Amazon “Prime Now” Drivers Accuse Company Of Wage Theft

If you’re in one of the markets where Amazon offers one- to two-hour “Prime Now” deliveries, the courier who comes to your door may be wearing an Amazon uniform, but they might not be Amazon employees. Some Prime Now drivers in California are accusing the e-commerce giant of using their “independent contractor” status to get away without paying them a legal wage.

In both Los Angeles and in the San Francisco Bay area, Prime Now couriers are contracted out through third party messenger services like Scoobeez, which is also named as a defendant in the lawsuit.

These drivers say that even though they are classified as independent contractors, they are really full-time employees who aren’t receiving the benefits and protections of that designation.

According to the complaint [PDF] filed yesterday in a California Superior Court in Los Angeles, the Scoobeez drivers are required to work regular shifts, wear uniforms — shirts and hats — that identify them to customers as representatives of Amazon Prime Now, and agree to exclusively deliver packages for Amazon.

The drivers claim they are required to show up 15 minutes early for every shift but receive no compensation. This runs counter to the traditional idea of hourly contract employees who are paid for all the time they spend at work. Likewise, if work is slow, drivers say they have been sent home without being compensated for the rest of their shift.

Additionally, these drivers allege they are sometimes made to work six or seven consecutive days, which would trigger overtime pay if they were actual employees.

In some ways, the plaintiffs say they are really Amazon employees, as it is the e-tailer and not Scoobeez that determines how many and which packages are assigned to drivers. According to the complaint, Amazon also determines the order in which all packages are delivered by each driver.

In spite of their independent contractor status, drivers say they can’t negotiate their hourly wage but must accept the rate given by the defendants. Yet they allege Amazon and Scoobeez have not only reserved the right to change what drivers are paid, but have exercised that right.

The complaint says that these drivers were hired based on a wage of $11/hour plus $2.50 for every delivery made, and tips. Then last month, that per-delivery bonus was eliminated and drivers were made to sign new contracts that only included the $11/hour base pay plus tips.
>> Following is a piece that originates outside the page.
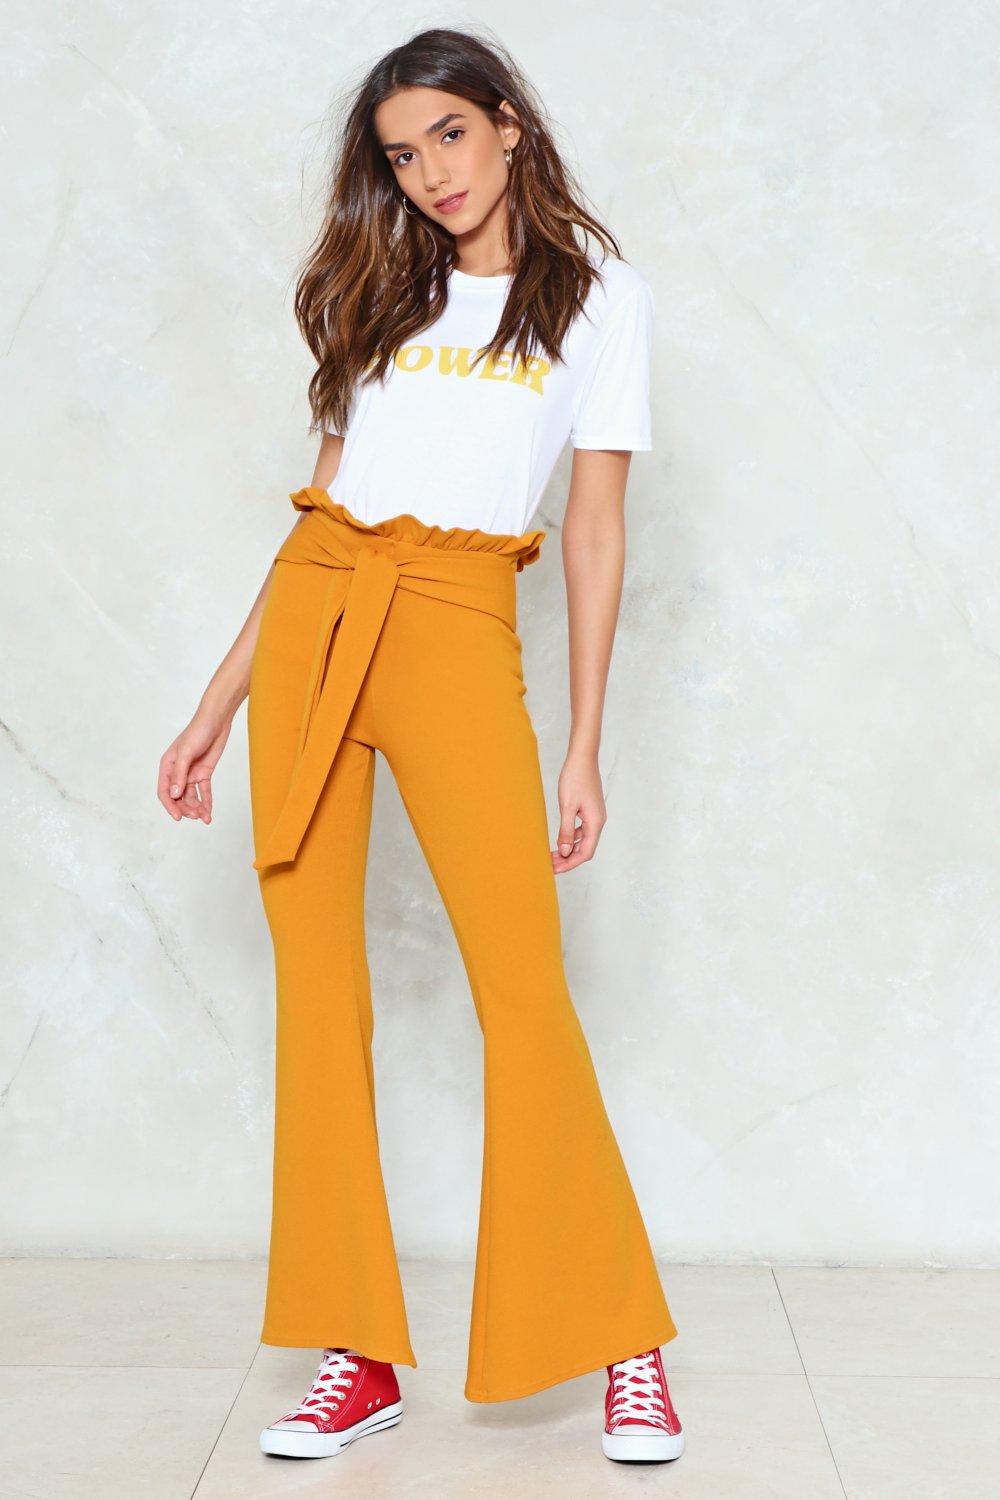 yellow high waisted pants

In all cases, the drivers say they were never allowed to receive copies of any of their employment contracts.

There is an Amazon app that allows customers to tip their Prime Now drivers, and Amazon claims that all tips to the courier, but the plaintiffs claim they are not allowed to see how much a customer has tipped so they have no idea if they are actually receiving this money.

Because drivers are made to use their own vehicles and they are not reimbursed for fuel, insurance, and tolls, some couriers say that they end up netting less than the $9/hour minimum wage in California.

The potential class action — which seeks back wages, waiting time penalties, restitution, and other damages — alleges that by classifying these drivers as independent contractors, Amazon and Scoobeez are depriving the couriers of “substantial rights and benefits of employment” as “part of an on-going unfair and/or unlawful business practice.”

In addition to the allegation of sometimes paying below minimum wage, the complaint also says the defendants failed to compensate these drivers for overtime, reimburse them for vital business expenses, provide off-duty meal time as required by state law, and furnish accurate wage statements.

“Amazon’s mission to deliver ‘Now’ at no additional cost to its customers is being funded by the delivery drivers,” says Oakland-based attorney Beth Ross who is representing the drivers. “Unlike the drones that Amazon hopes to eventually replace them with, these drivers are human beings with rent to pay and families to feed.”

This is familiar territory for Ross. In 2014, she reached a $227 million settlement deal with FedEx over similar allegations.